Last year the company lowered its guidance three times due to cost overruns on certain projects and a slowdown in partnership activity.

A ‘CHALLENGING’ YEAR

For the year to December, the group reported revenue of £3.78 billion, net profit of £74.5 million and EPS (earnings per share) of 22p.

Analysts polled by FactSet had forecast reported revenue of £4.16 billion, net profit of £168 million and earnings of 51p per share.

Total completions rose 7% to 17,225 units for the full year, with the increase coming from partnerships where completions were up by 18% to 12,633 units whereas open market completions were down by 15% to 4,592 units, although the firm said average selling prices remained firm.

The group admitted it had ‘significantly underperformed financially’ in the year due to cost issues in the South Division, which had a total impact of £165 million.

Following year-end procedures, the phasing of the impact of the South Division was adjusted to include a £20.5 million restatement to prior years, so the net impact on 2024 adjusted profit before tax was revised to £91.5 million, compared to the previously expected £105 million.

Profit was also hampered by a further building safety provision of £117.1 million, largely due to additional buildings identified as needing remediation, meaning total provisions at the end of 2024 stood at £324.4 million against £289 million a year earlier.

Reflecting its financial performance, the group decided to pass the final dividend but said it would continue with its share buyback programme. 

GLIMMERS OF LIGHT

On the positive side, the FTSE 250 company said it expected to deliver improved cash generation and reduce its net debt during 2025.

Vistry is targeting a circa £200 million reduction in excess working capital in full year 2025, ‘addressing a build-up of open market stock units in full year 2024.’  

Moreover, the government's commitment to inject £2 billion of new affordable homes grants alongside the £800 million of top up funding previously announced is a positive for the sector.

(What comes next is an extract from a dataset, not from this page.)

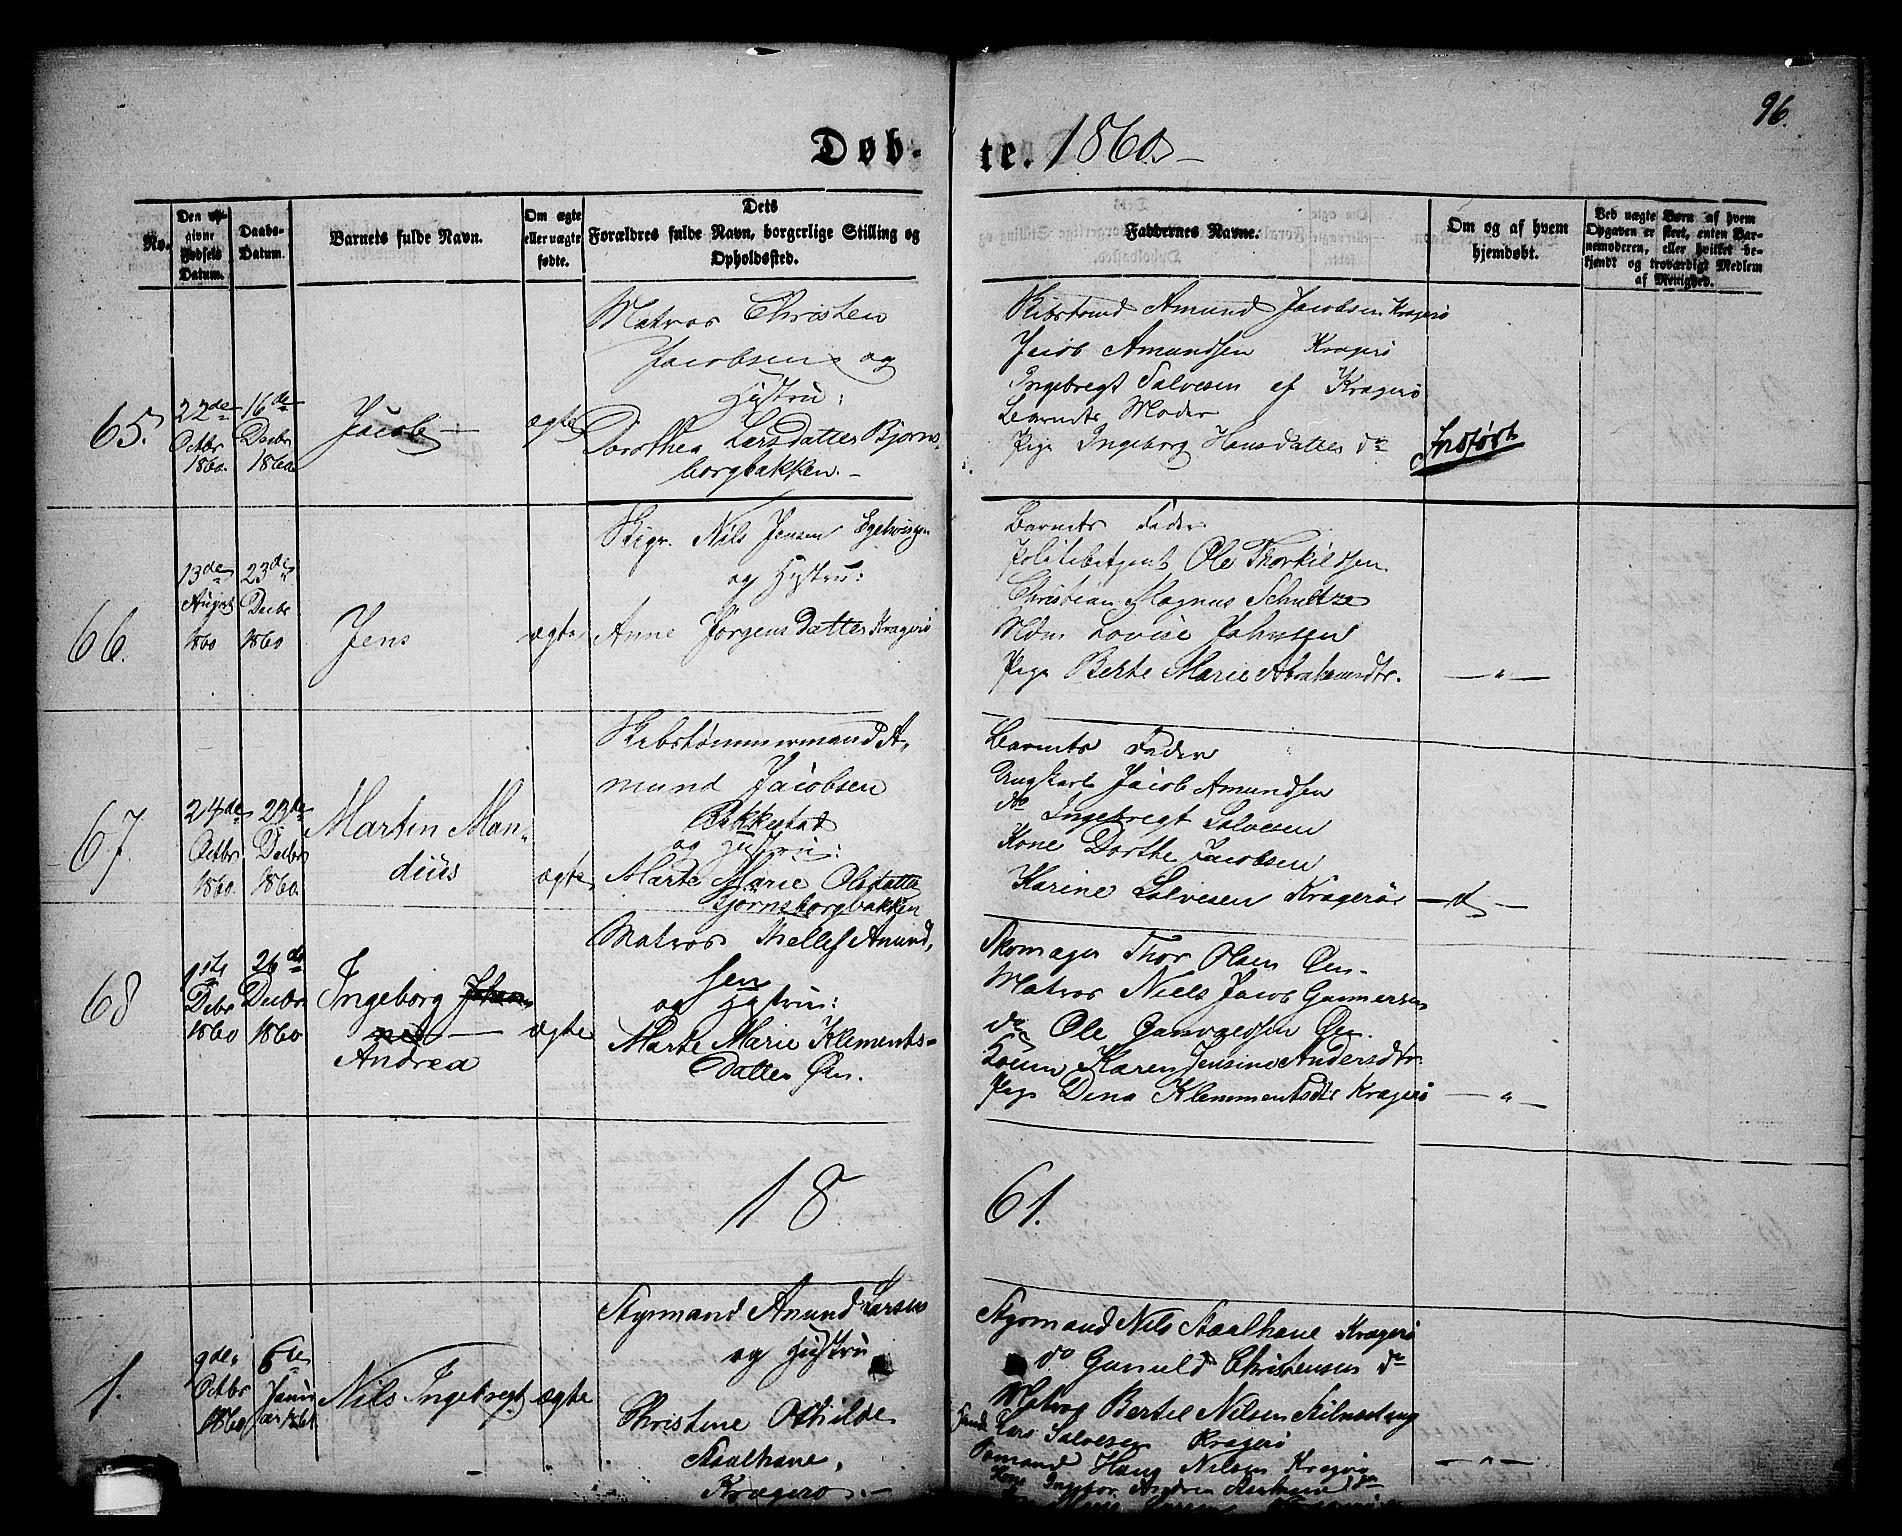 SAKO, Kragerø kirkebøker, G/Ga/L0004: Klokkerbok nr. 4, 1853-1865, s. 96
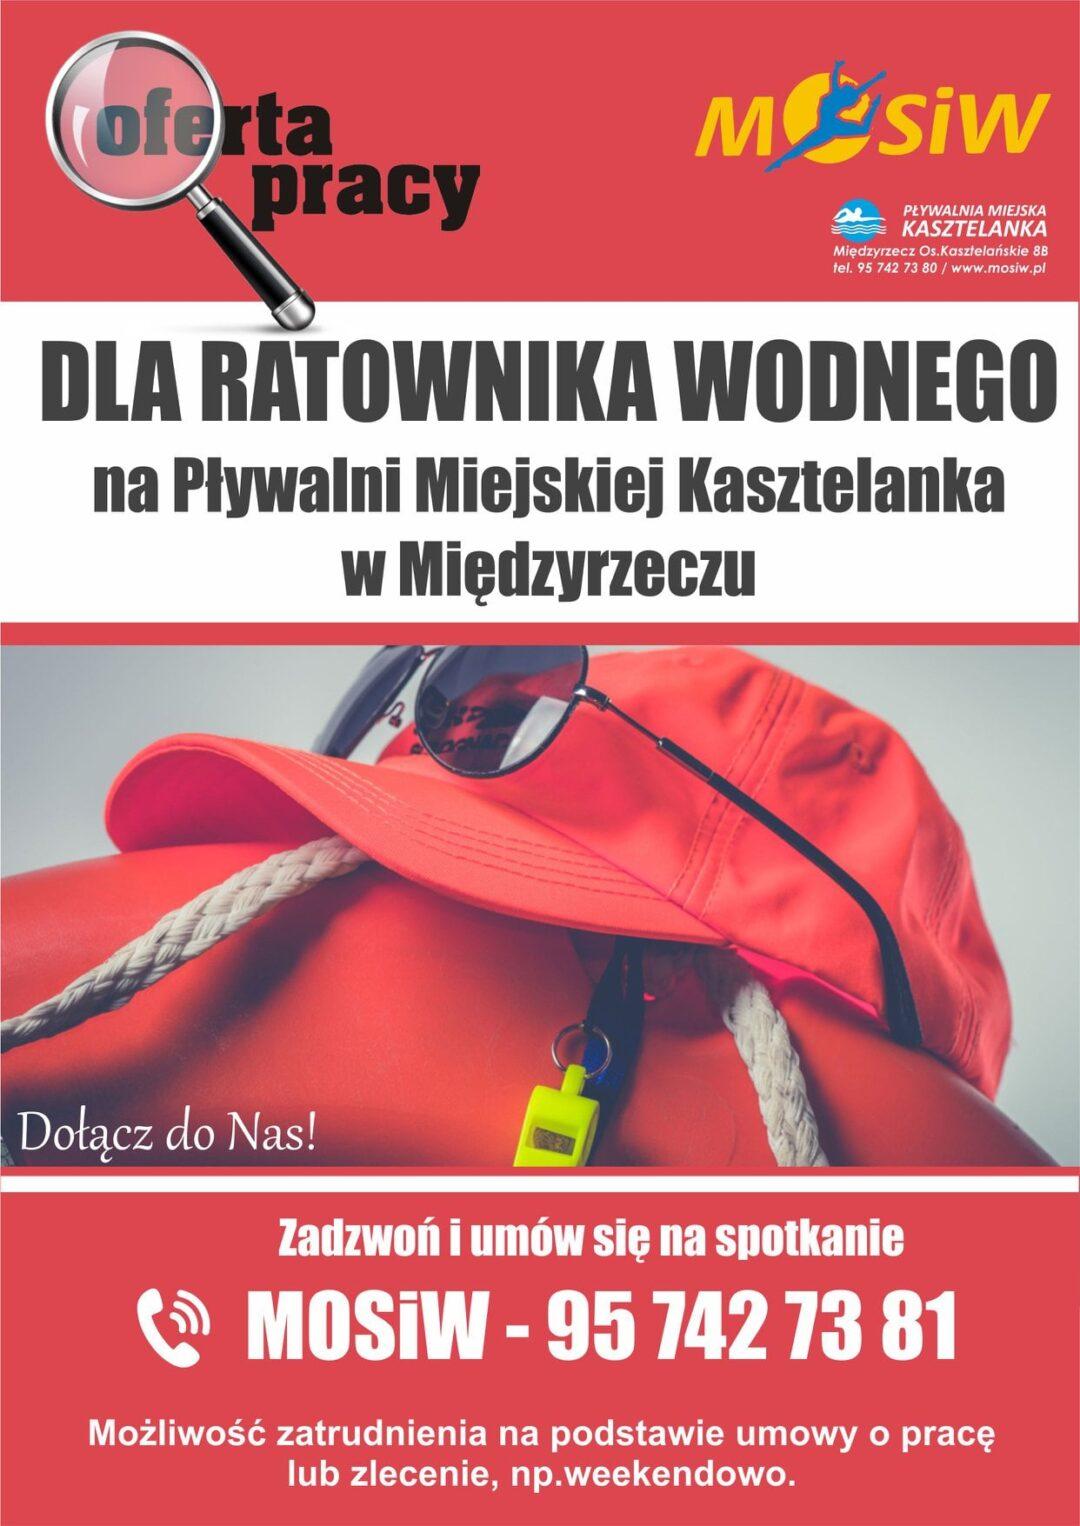 Plakat z ogłoszeniem - Praca dla ratownika

The company said the grant would ‘drive investment momentum across the affordable housing sector ahead of the launch of the 2026 Affordable Homes Programme.’ 

EXPERT VIEW

AJ Bell investment analyst Dan Coatsworth commented: ‘Having issued three profit warnings in quick succession, the market already knew Vistry’s results were going to be miserable. The headline figures speak for themselves; profit is down by a quarter, net debt has doubled and there is no dividend.

‘Saying share buybacks were in lieu of the dividend makes it sound as if investors were still treated to a handsome reward, although companies are free to decide how to return cash to shareholders.

‘Chief executive Greg Fitzgerald implies there are no more skeletons in the closet for the business and Vistry is now on the front foot. However, the outlook statement implies it will be a rocky road to recovery.

DISCLAIMER: Financial services company AJ Bell referenced in this article owns Shares magazine. The author of this article (Sabuhi Gard) and the editor (Ian Conway) own shares in AJ Bell.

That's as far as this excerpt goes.